In the data below, begin at the line with "ENCOTEL - AMERICA" and stop after the line with "Amy Acrobatics - SA1 Remake Fan Concept Art"; output those lines exactly and no pictures.

» Records:
┌──

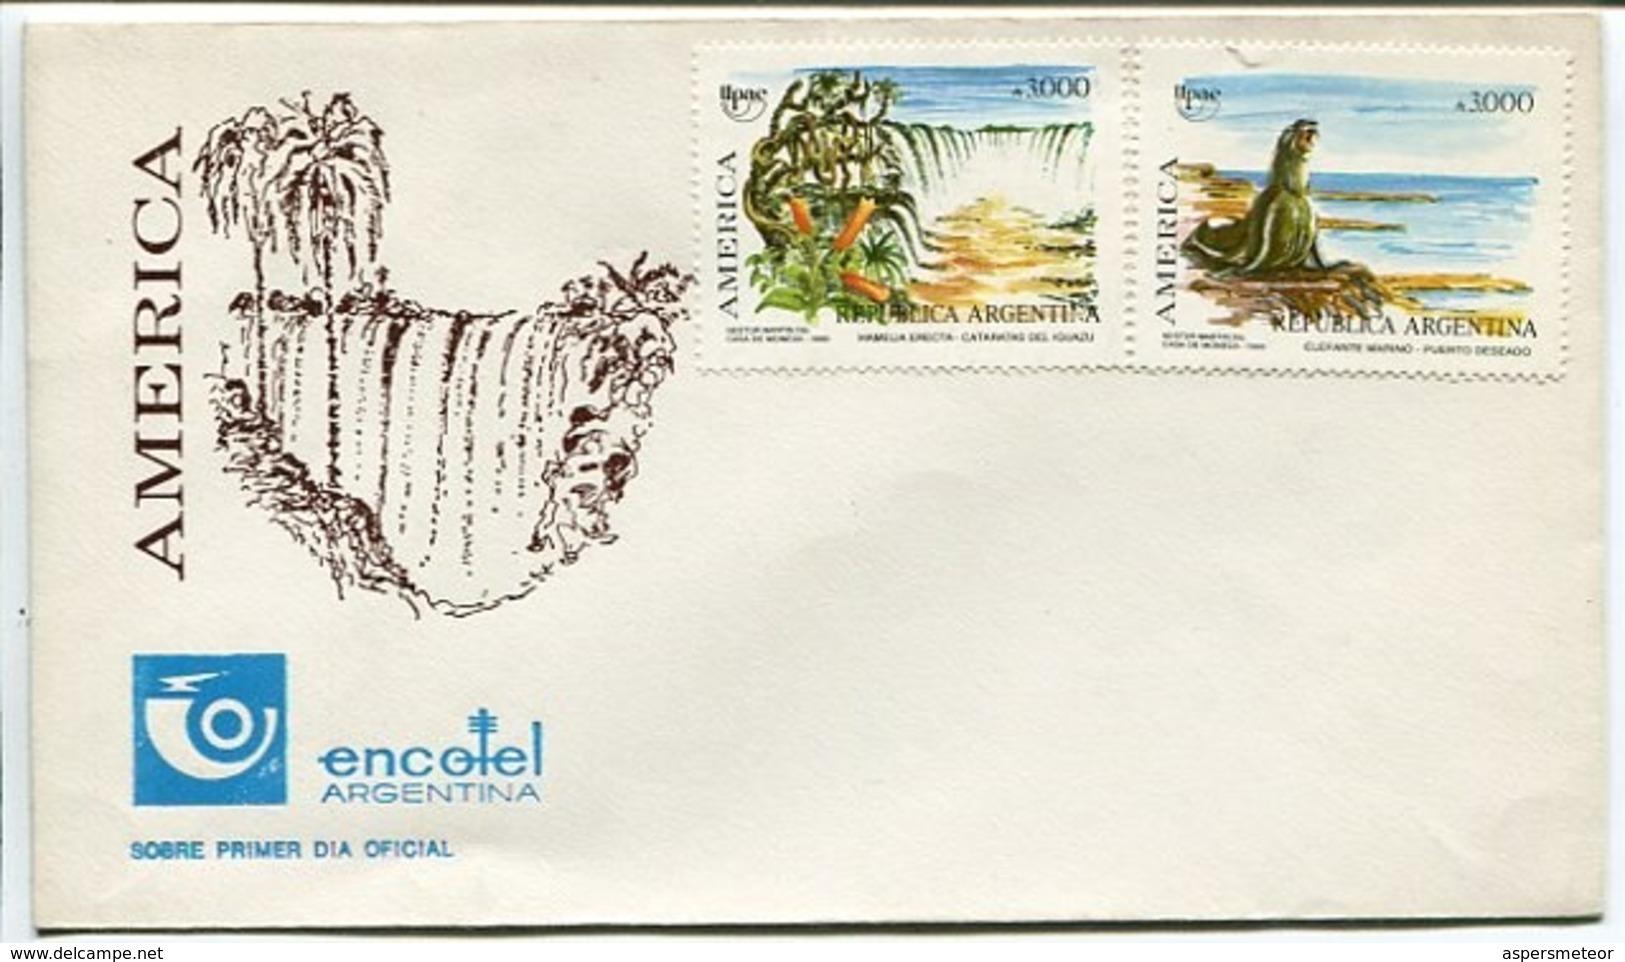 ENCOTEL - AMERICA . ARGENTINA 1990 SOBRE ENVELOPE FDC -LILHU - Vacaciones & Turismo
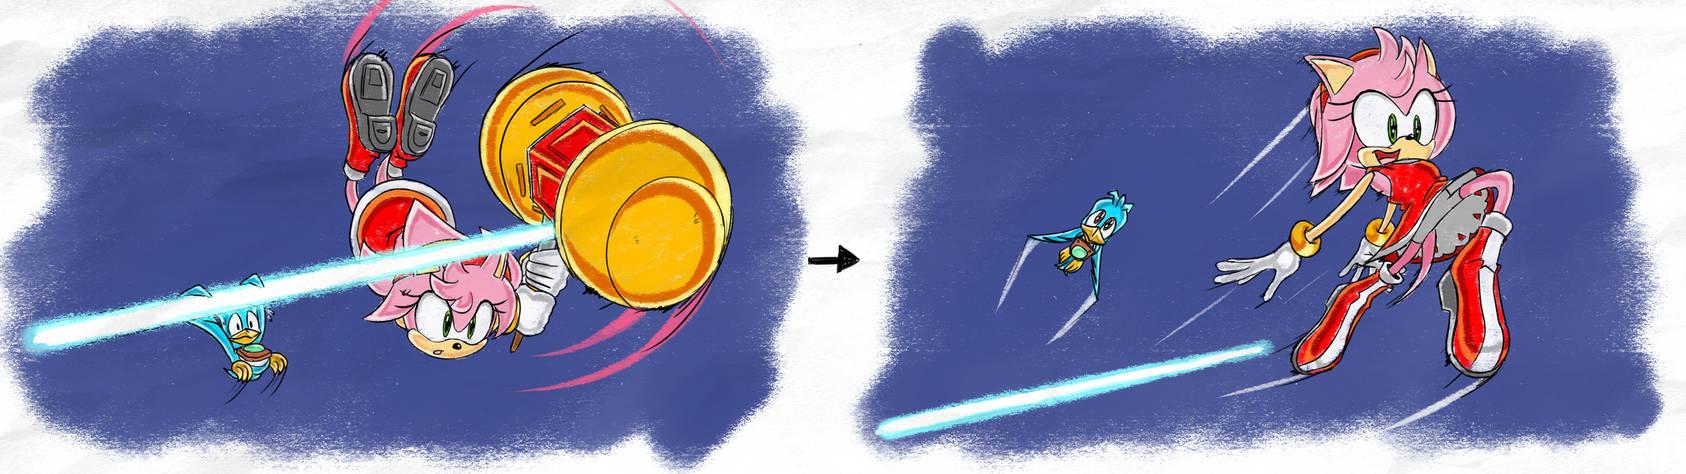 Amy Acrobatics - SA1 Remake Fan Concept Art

└──
┌──

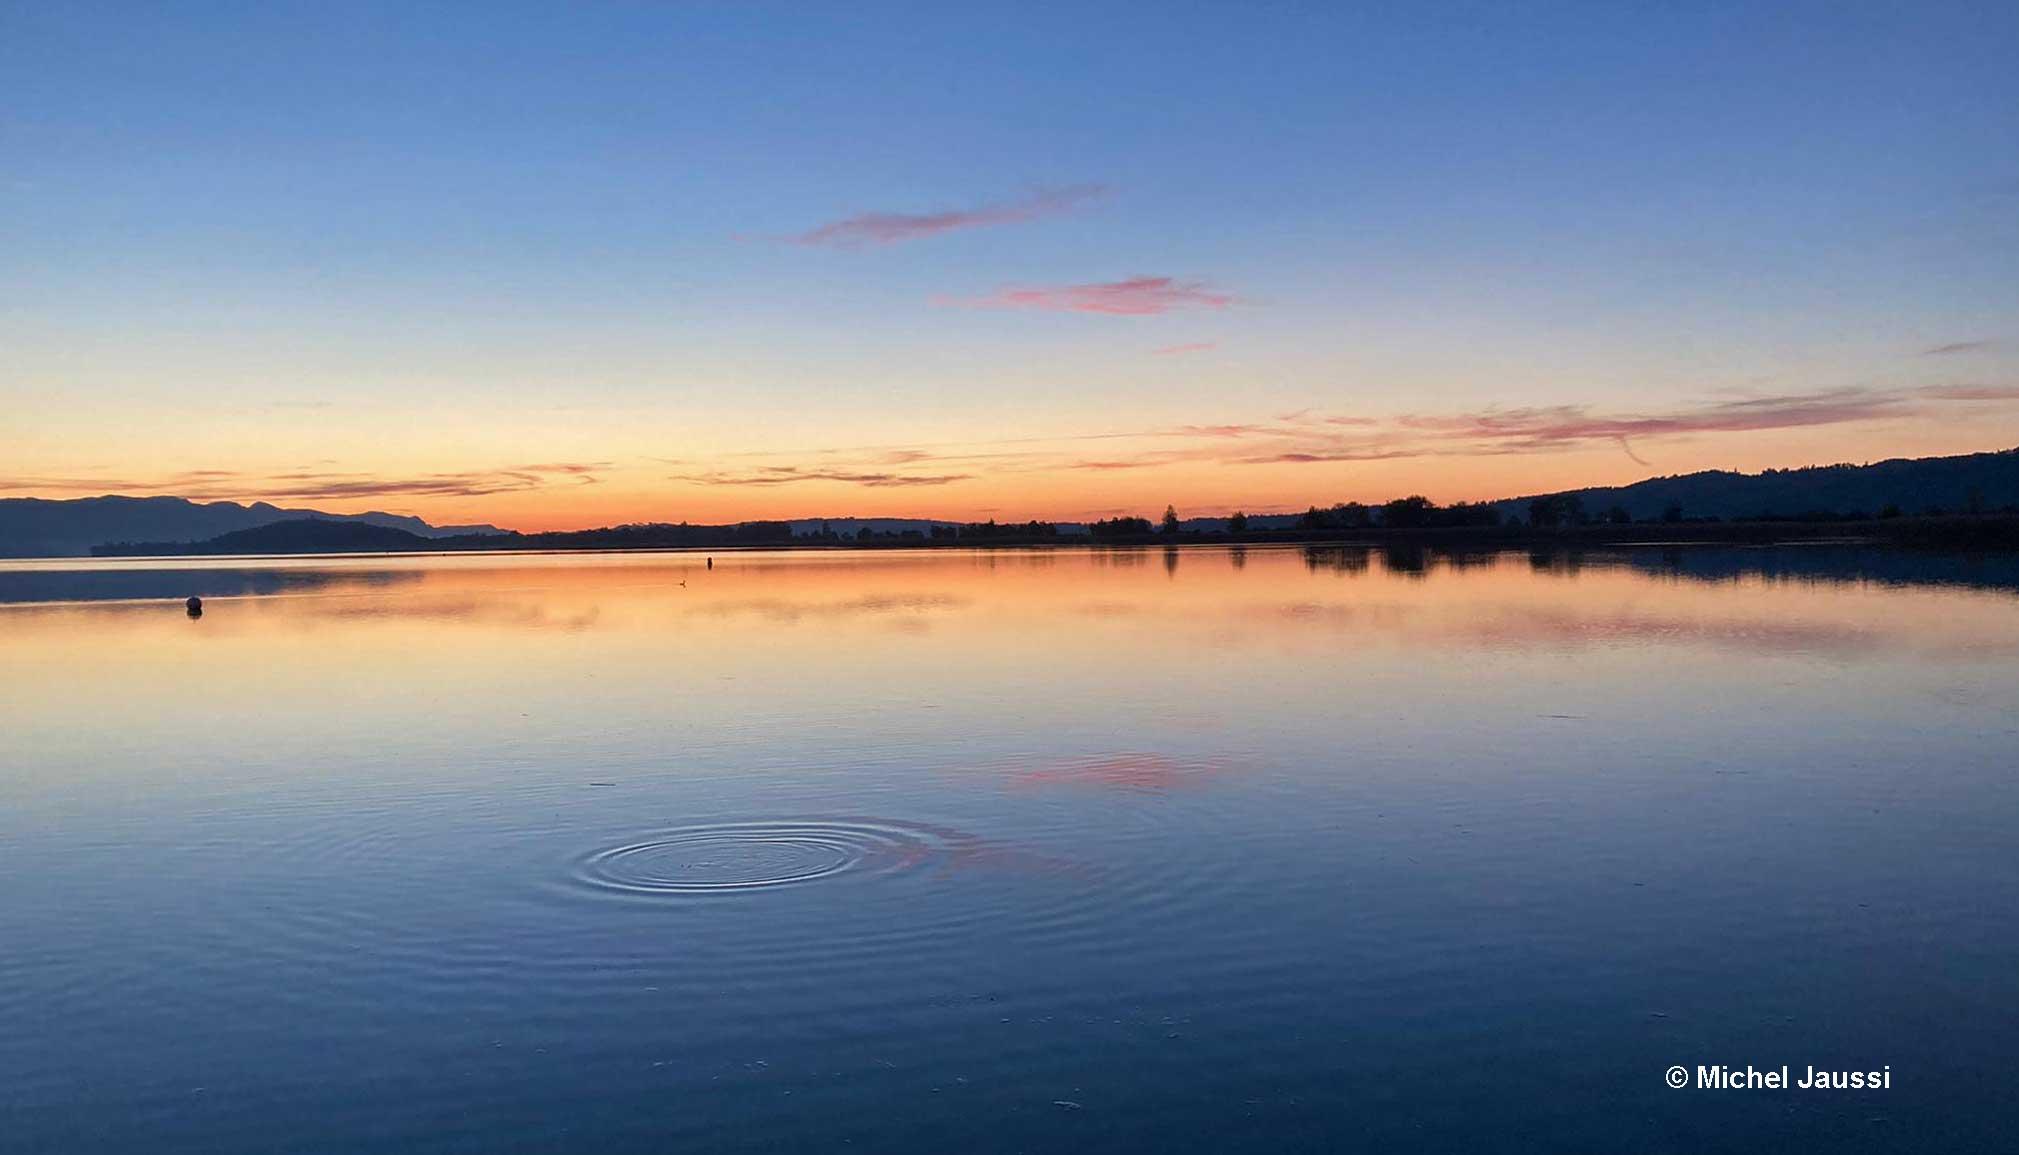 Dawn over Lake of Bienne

└──

» Output below:
 ENCOTEL - AMERICA . ARGENTINA 1990 SOBRE ENVELOPE FDC -LILHU - Vacaciones & Turismo
 Amy Acrobatics - SA1 Remake Fan Concept Art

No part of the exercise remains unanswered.